Our policies and procedures

Under the Aspen Medical Group, we maintain a suite of privacy, data protection and information security policies which are available on our website here: https://www.aspenmedical.com/our-policies.

Security, Assurance, Privacy

Both us and our clients must have confidence that Vitaport is safe and reliable. We build the foundations of this trust so that we can continuously answer three fundamental questions:

1.       How are we managing Vitaport’s cyber risks?

2.       How do we know we’re managing these cyber risks effectively?

3.       How do we maintain high standards for privacy in Vitaport?

It is our job to ensure that our answers to these questions are clear. We must be able to continuously ask these questions and be ready to provide transparent answers with confidence. To help us answer these questions, we:

·         Partner with independent experts to ensure we receive the best advice.

·         Invest in understanding best practice, our gaps, and what must be done to close them.

·         Continuously improve and innovate the ways we manage cyber security risk.

We understand that cyber security isn’t a point-in-time objective, but a journey which requires ongoing investment and focus.

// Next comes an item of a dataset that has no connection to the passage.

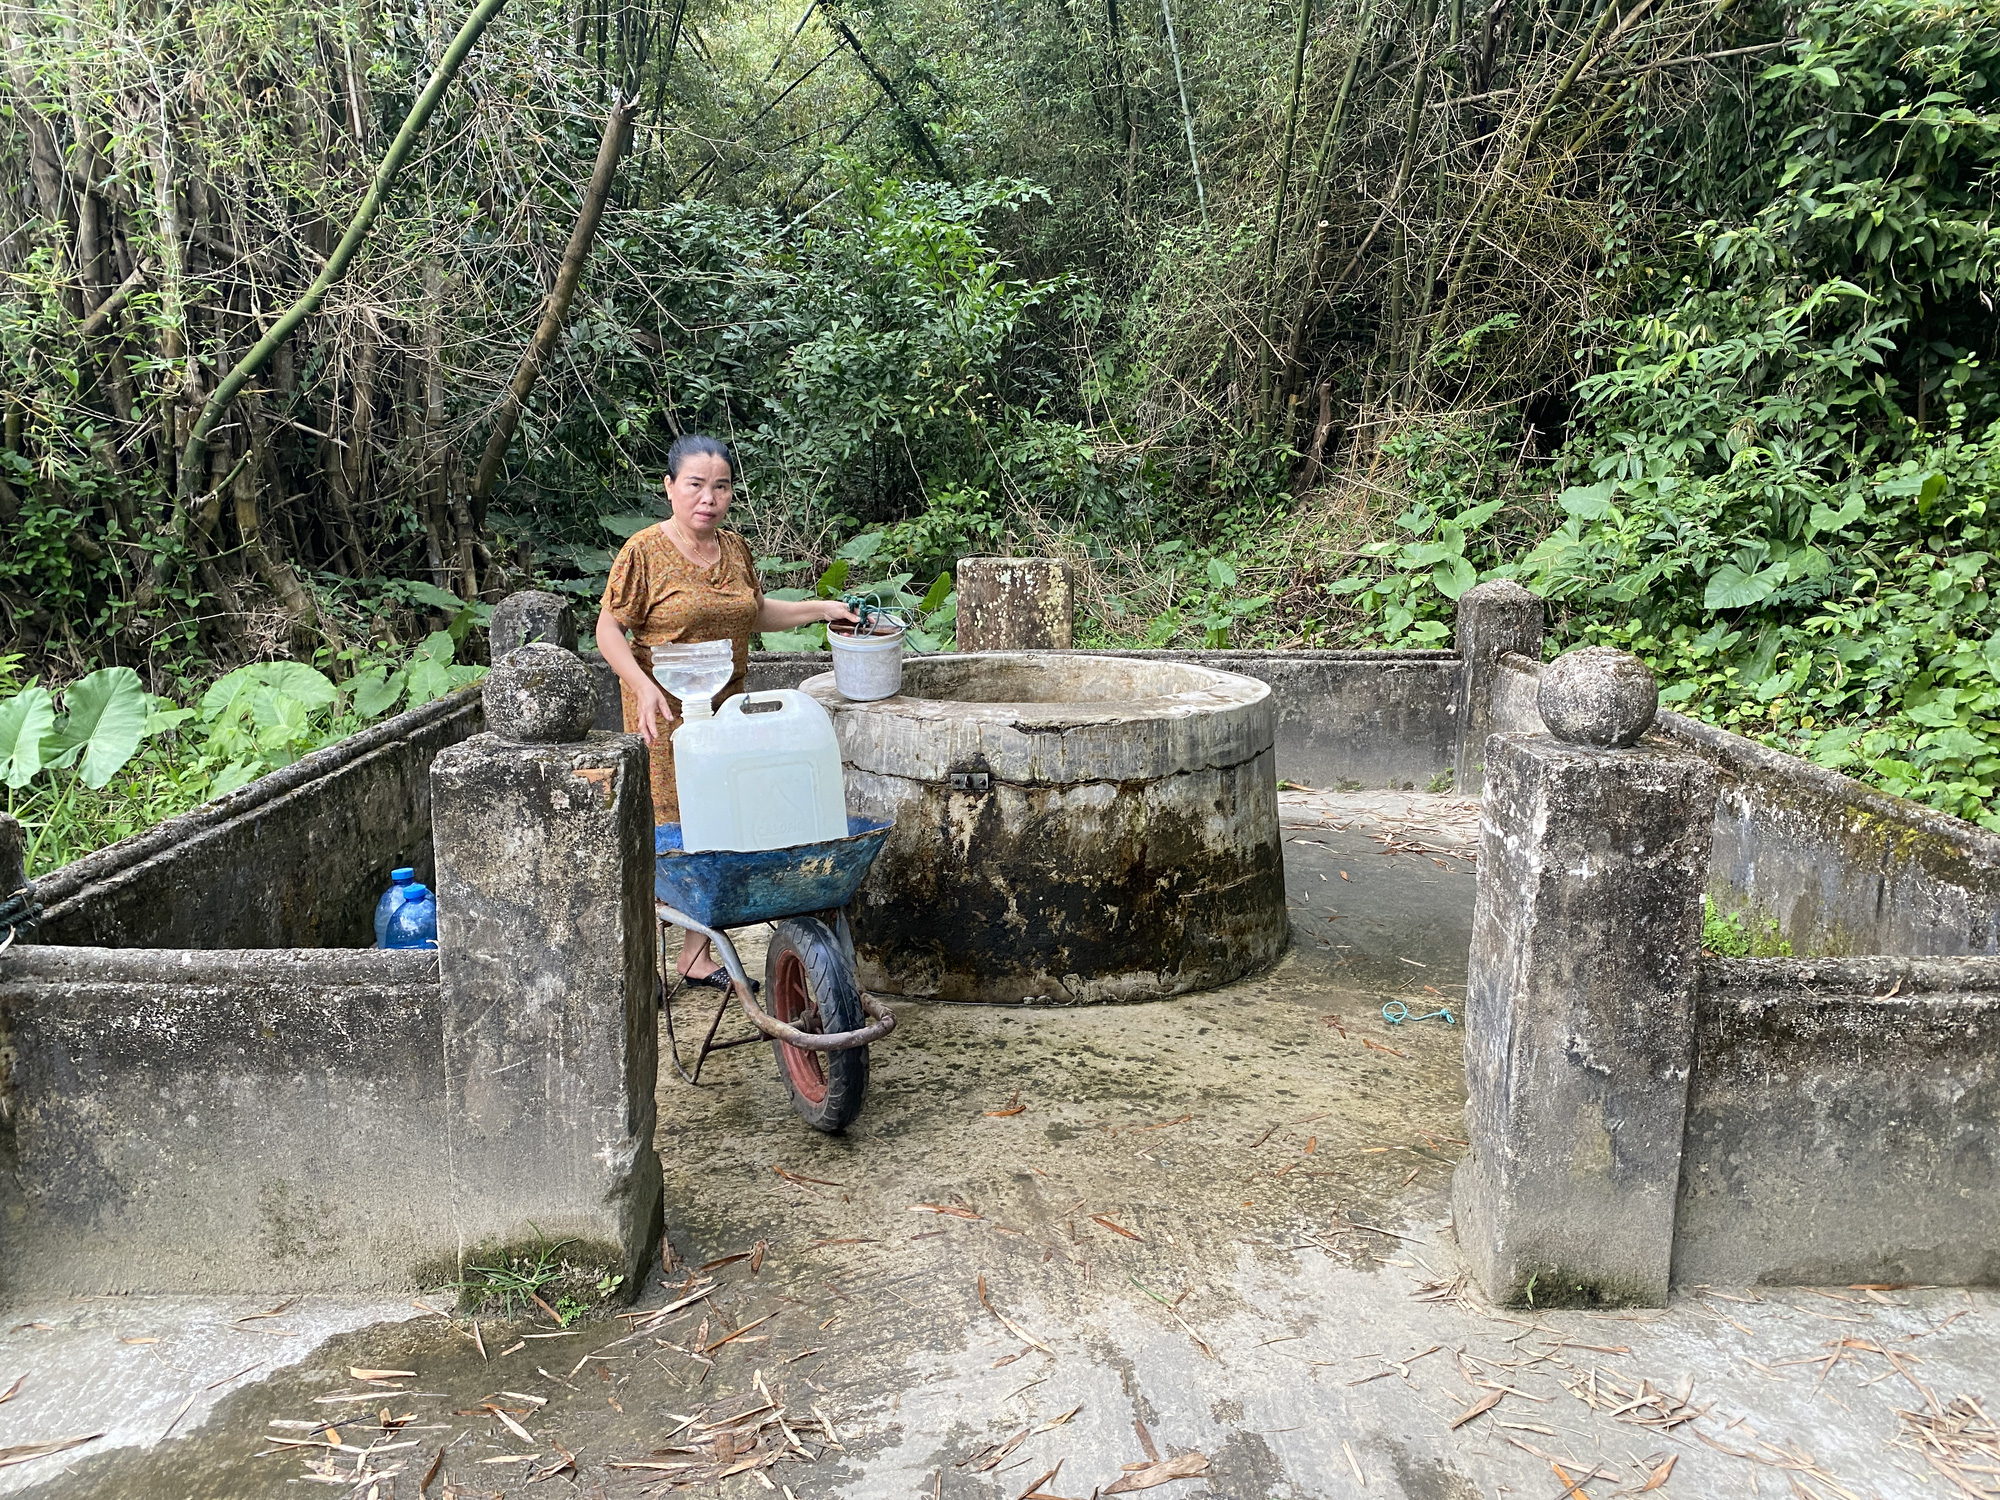 A woman draws water from an ancient well facing south Tam Hai Island Commune, off Nui Thanh District in Quang Nam Province, central Vietnam. Photo: B.D. / Tuoi Tre

We’ve made the conscious decision to weave cyber security into our DNA, ensuring that our cyber risks are managed from the beginnings of our product lifecycle.

This document will explain how we build trust in Vitaport through our ongoing efforts to build and improve world-class security, assurance and privacy outcomes.

Security

Vitaport’s security model is based upon managing its vulnerabilities, monitoring for suspicious activity, and ensuring it remains safe and reliable in the event of a cyber attack.

Assurance

Vitaport’s assurance model is based upon defining best practice, analysing and fixing our gaps, and independently verifying that we are doing so effectively over time.

Privacy

Vitaport's privacy model commits to safeguarding the confidentiality, integrity, and availability of all information assets, ensuring compliance with all relevant privacy and data protection laws.